I'm particularly interested in understanding the available compute options. As data volume grows, will it scale effectively—specifically in terms of reading data efficiently and performing aggregations?

Mytherin · 2025-05-28T18:58:41Z

Spark currently does not yet have support for reading DuckLake tables - but there is no technical reason this is not possible.
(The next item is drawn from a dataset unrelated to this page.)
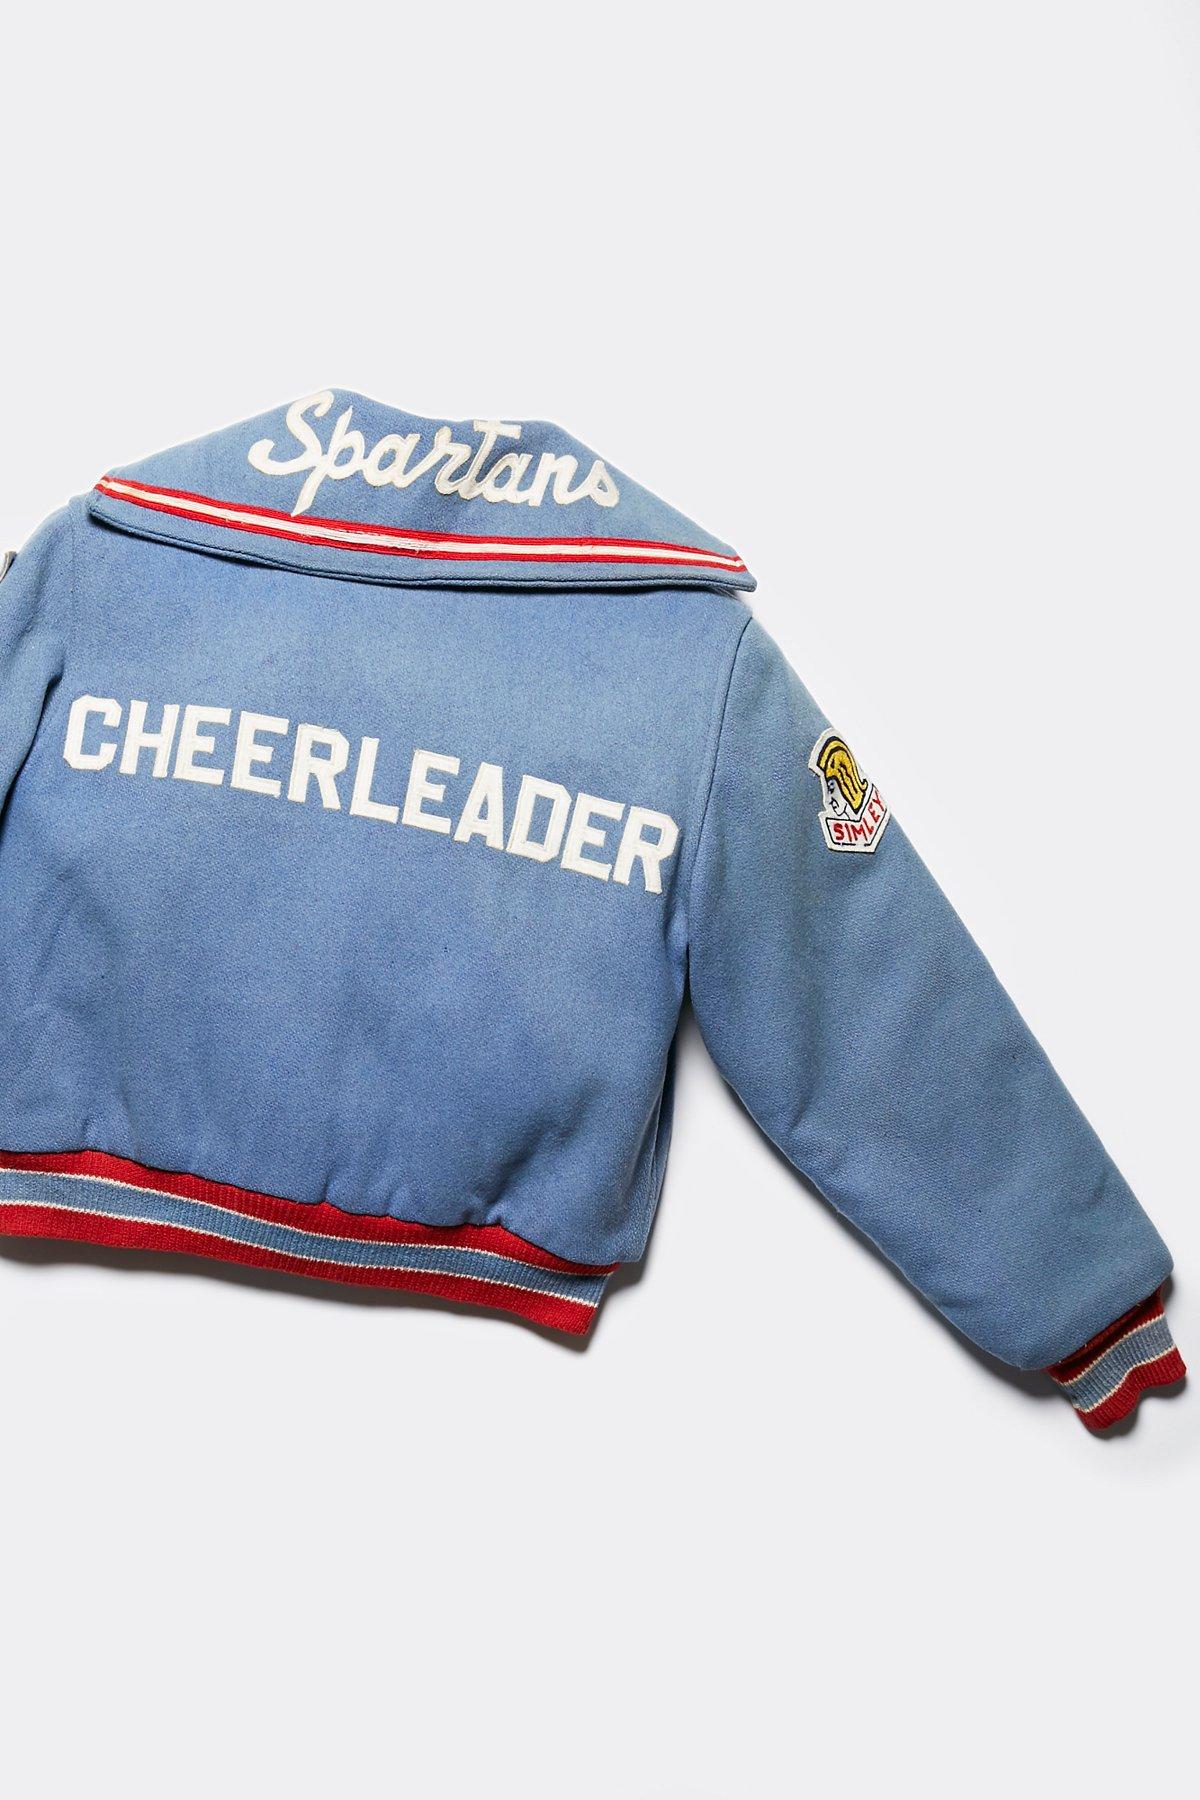 Vintage 1960s Cheer Letterman Jacket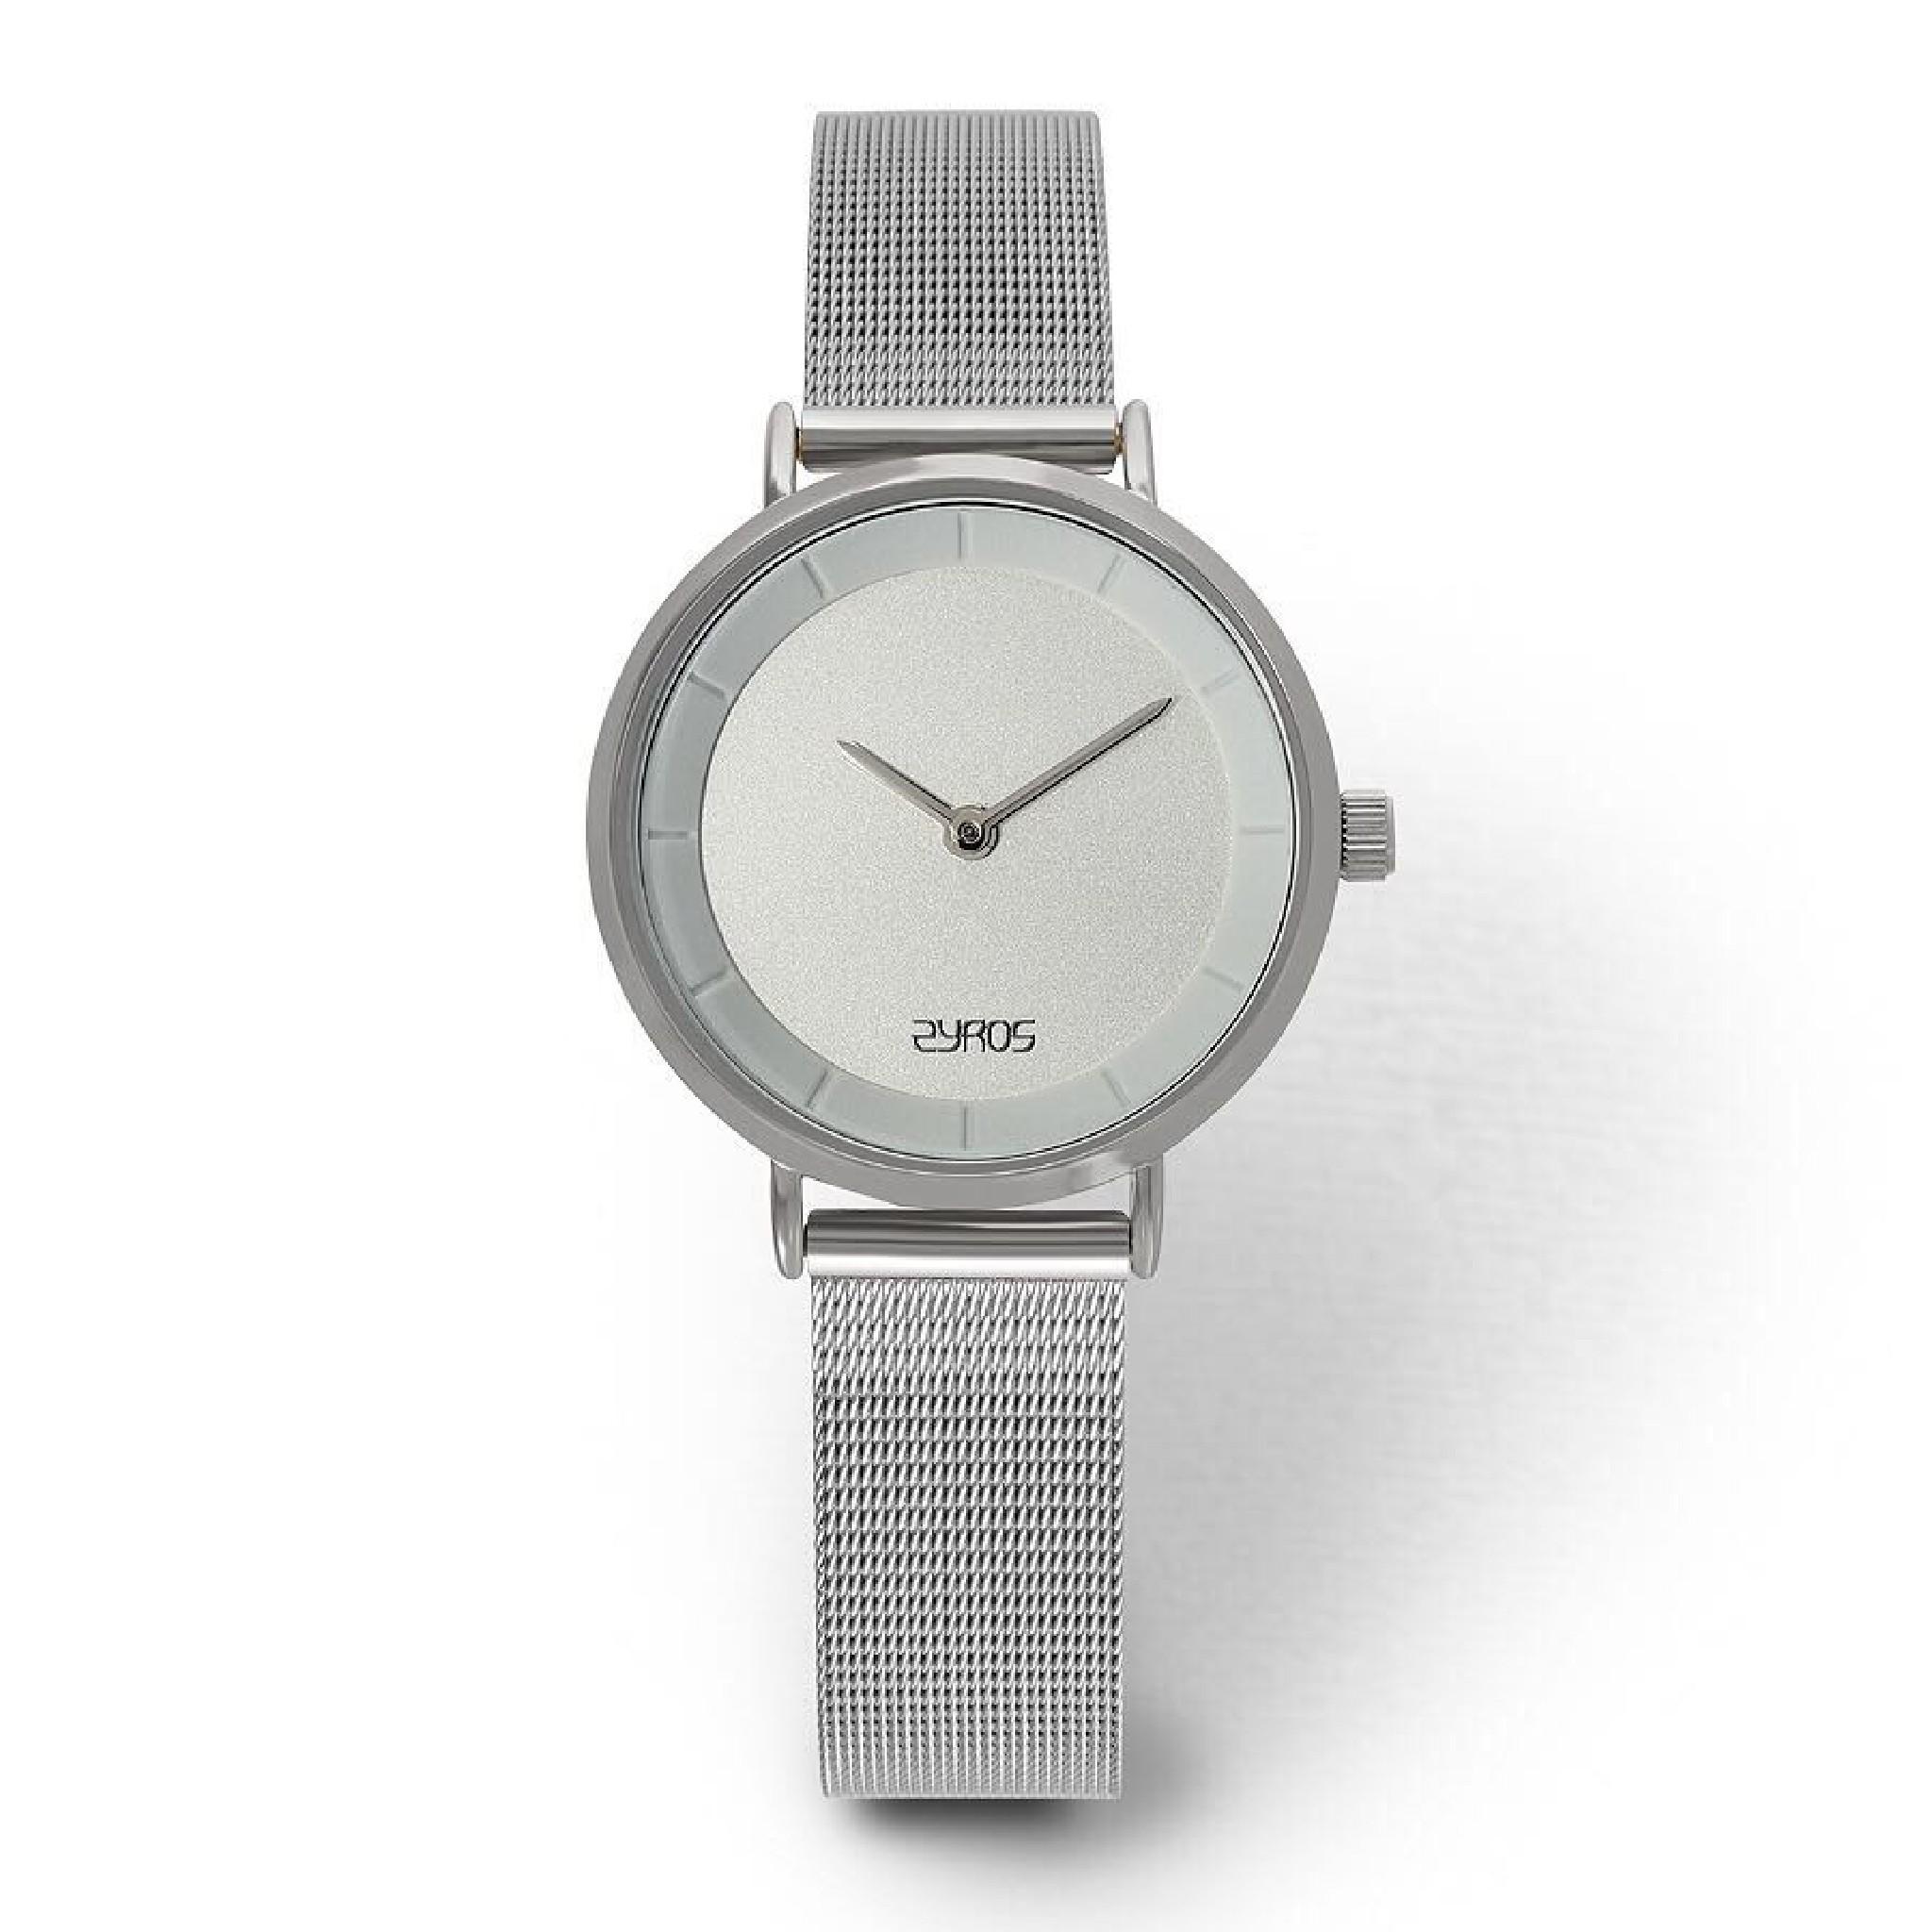 75bc8f097 ساعة زايروس نسائيه حديد | watches_box

It just hasn't been implemented yet.

We are also planning to add support for exporting metadata to Iceberg, which will then allow that to be used from Spark.

staticlibs · 2025-05-28T22:12:19Z

Copying from Discord just for the record, the following way to access DuckLake from Spark is supposed to work once #45 is fixed:

CREATE TABLE test1 USING org.apache.spark.sql.jdbc OPTIONS (
    driver "org.duckdb.DuckDBDriver",
    url "jdbc:duckdb:",
    prepareQuery "ATTACH 'ducklake:/path/to/lake1.db' as lake1;",
    dbtable "lake1.nl_train_stations"
);
SELECT * FROM test1;

staticlibs · 2025-05-29T19:08:46Z

@soumilshah1995

The following Spark syntax support (new ducklake JDBC option) is proposed for 1.3.1:

CREATE TABLE test1 USING org.apache.spark.sql.jdbc OPTIONS (
    driver "org.duckdb.DuckDBDriver",
    url "jdbc:duckdb:",
    jdbc_stream_results "true",
    ducklake "postgres:postgresql://user:pwd@127.0.0.1:5432/lake1",
    dbtable "lake1.nl_train_stations"
);

SELECT COUNT(*) from test1;

SELECT * FROM test1 WHERE name_long = 'Johan Cruijff ArenA';

[...]
578
Time taken: 3.224 seconds, Fetched 1 row(s)
41	ASB	8400074	Bijlmer A	Bijlmer ArenA	Johan Cruijff ArenA	amsterdam-bijlmer-arena	NL	knooppuntStoptreinstation	52.3122215271	4.9469442367554
Time taken: 0.785 seconds, Fetched 1 row(s)

Or with Spark Java API:

Properties config = new Properties();
config.put("ducklake", "postgres:postgresql://user:pwd@127.0.0.1:5432/lake1");
config.put("jdbc_stream_results", "true");
Dataset<Row> jdbc1 = spark.read()
        .jdbc("jdbc:duckdb:", "lake1.nl_train_stations", config);
jdbc1.show();

will it scale effectively—specifically in terms of reading data efficiently and performing aggregations?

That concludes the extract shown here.